左右 2 ~ 3 回程度測定し、最大値を記録します。1 回ごとに 15 秒以上の休憩を入れるものとします。
AWGS 2019 によるサルコペニアの診断基準では、握力が男性 28 kg 未満、女性 18 kg 未満で筋力低下と定められています。
MMT (徒手筋力検査)
MMT(Manual Muscle Testing)とは、徒手と重力の抵抗を利用した筋力の評価方法であり、日本語では徒手筋力検査とも呼ばれ、臨床で広く使用されています。
MMT では、検査者が徒手抵抗と重力に抵抗した動きを基準に、筋力を 0 ~ 5 の 6 段階で評価します。

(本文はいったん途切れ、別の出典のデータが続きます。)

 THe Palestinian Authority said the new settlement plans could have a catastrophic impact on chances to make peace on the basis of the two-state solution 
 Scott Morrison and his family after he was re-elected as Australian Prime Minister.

MMT 0 は筋肉の収縮が認められず最も筋力が弱い状態、MMT 5 が最も筋力が強い状態を示します。
- Normal:患者が自動運動で全可動域を重力に抗して動かすことができ、検者による最大抵抗に対抗してその肢位を保持できる
- Good:患者が自動運動で全可動域を重力に抗して動かすことができ、検者による強度ないし中等度の抵抗に対抗してその肢位を保持できる
- Fair:患者が自動運動で全可動域を重力に抗して動かすことができるが、徒手抵抗が加わるとその肢位を保持できない
- Poor:重力の影響を除いた肢位で自動運動で全可動域を動かすことができる
- Trace:関節運動は起こらないが、筋収縮が触知できる
- Zero:触知できる筋収縮がない
徒手抵抗を加える「4:Fair」と「5:Normal」の判定には、主観が含まれるため検者間でばらつきが生じることが欠点となり、MMT の評価の難しさでもあります。
HHD(ハンドヘルドダイナモメーター)
HHD は、より客観的な筋力測定を実現させるための機器になります。機器は小型で軽量であるため持ち運びやすく、数値で筋肉の力を評価できるため、筋力検査にありがちな主観的な判断を減らすことができます。

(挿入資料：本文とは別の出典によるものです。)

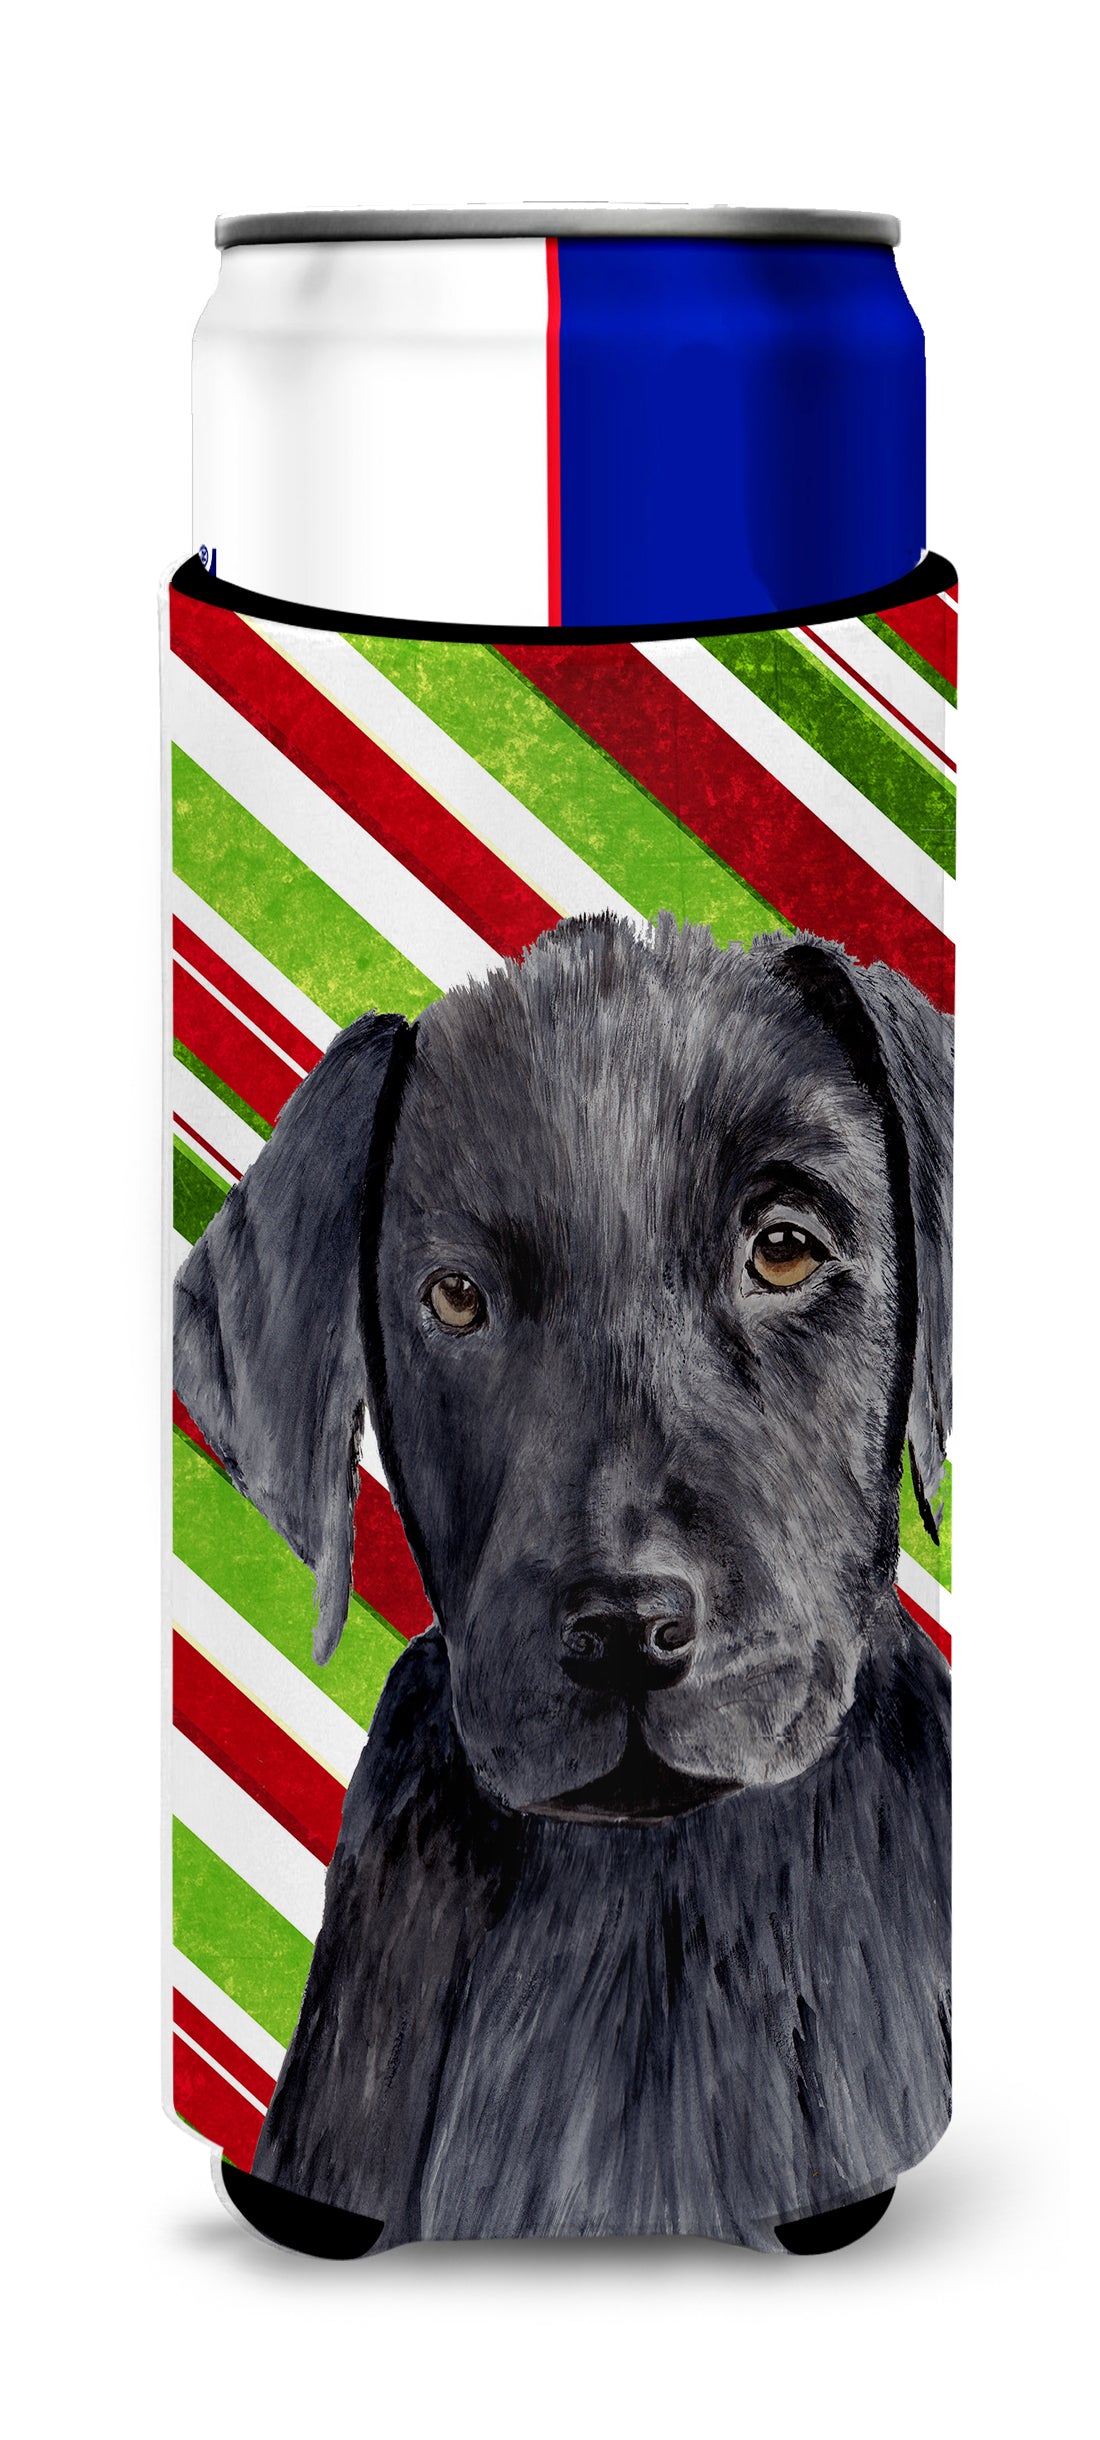 Labrador Candy Cane Holiday Christmas Ultra Beverage Insulators for slim cans SC9324MUK.

機器の操作は簡単であるため誰でも使用できますが、筋力を測定したい筋肉に対して、ダイナモメーターを正確に当てて計測する必要があるため、正しい測定方法でないと誤差が生じやすいというデメリットがあります。
検者が徒手で固定する測定方法では誤差が生じやすいため、専用の固定ベルトを使用すると測定の再現性、妥当性が向上すると報告されています。
まとめ
最後までお読みいただきありがとうございます!
こちらの記事では「理学療法士による身体機能評価」をキーワードに内容を構成させて頂きました。

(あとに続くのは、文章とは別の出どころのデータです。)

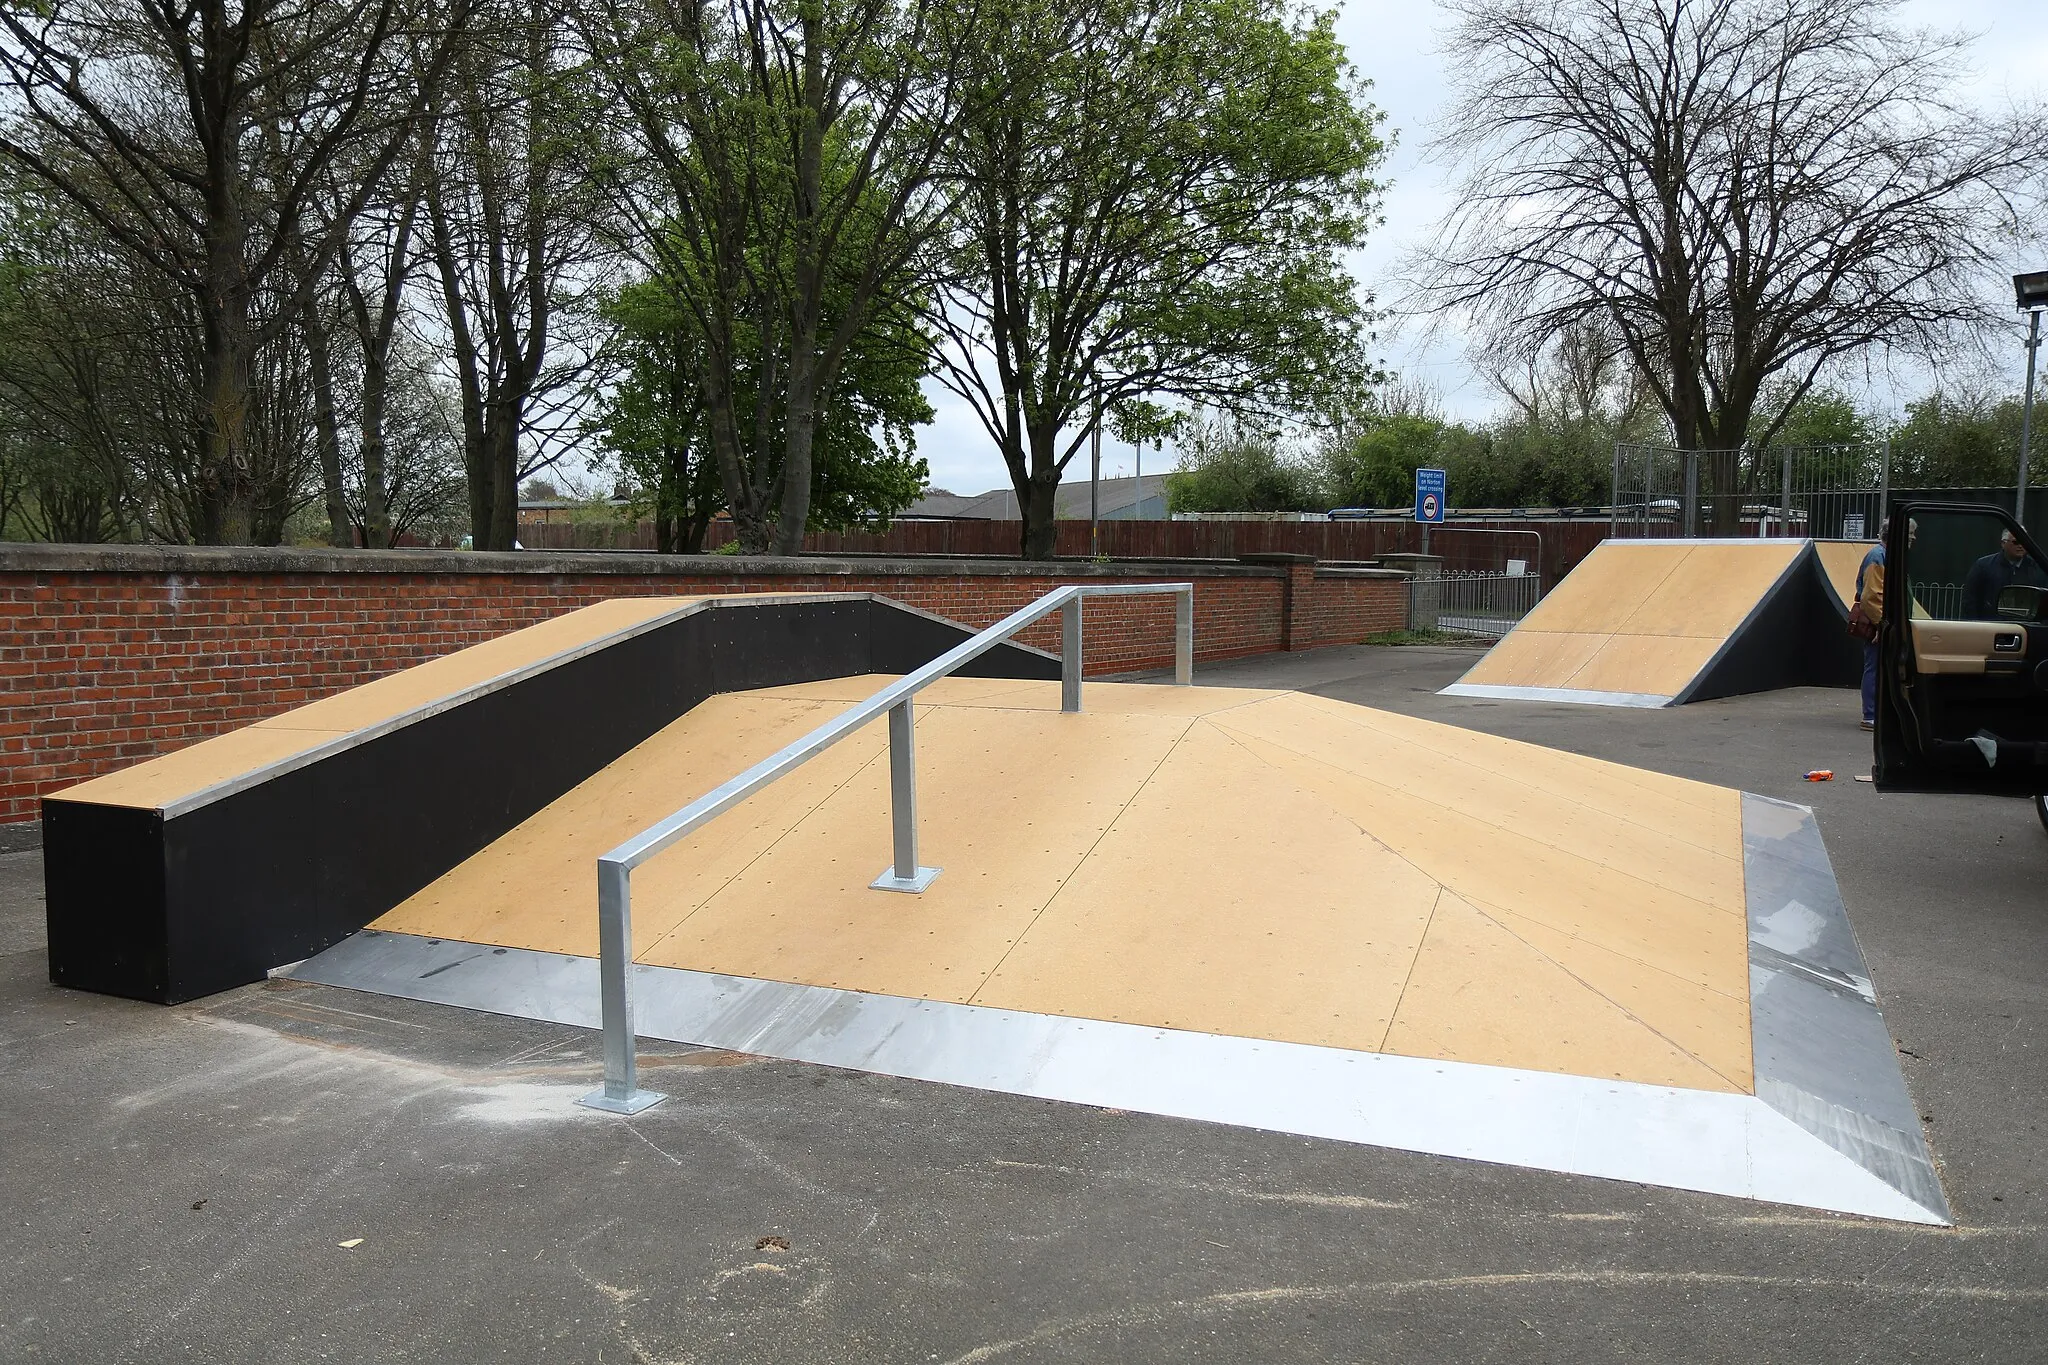 Photo showing: The new Pyramidal Funbox at Norton & Malton Skatepark built by King Ramps and Ryan Swain in 2022

こちらの記事を読むことで筋肉量や筋力の評価方法についての理解が深まり、臨床に欠かすことができない筋力評価および効果判定の一助へとなれば幸いです。
参考文献
- 筋肉量・筋力.臨床栄養.143(3),p276-280,2023.
- 永野雄介.今さら聞けない基本の理学療法 ~機器を使用した筋力評価~.高知県理学療法 .31,p17-18,2024.
- 下平雅規,長谷川一幾,池田義明,三井憲,水上佳樹,堀米直人.NST 介入時の上腕筋囲長は年齢・性別・炎症とは独立して CONUT 値と相関する.JSPEN.Vol.1(3),2019,p128-133.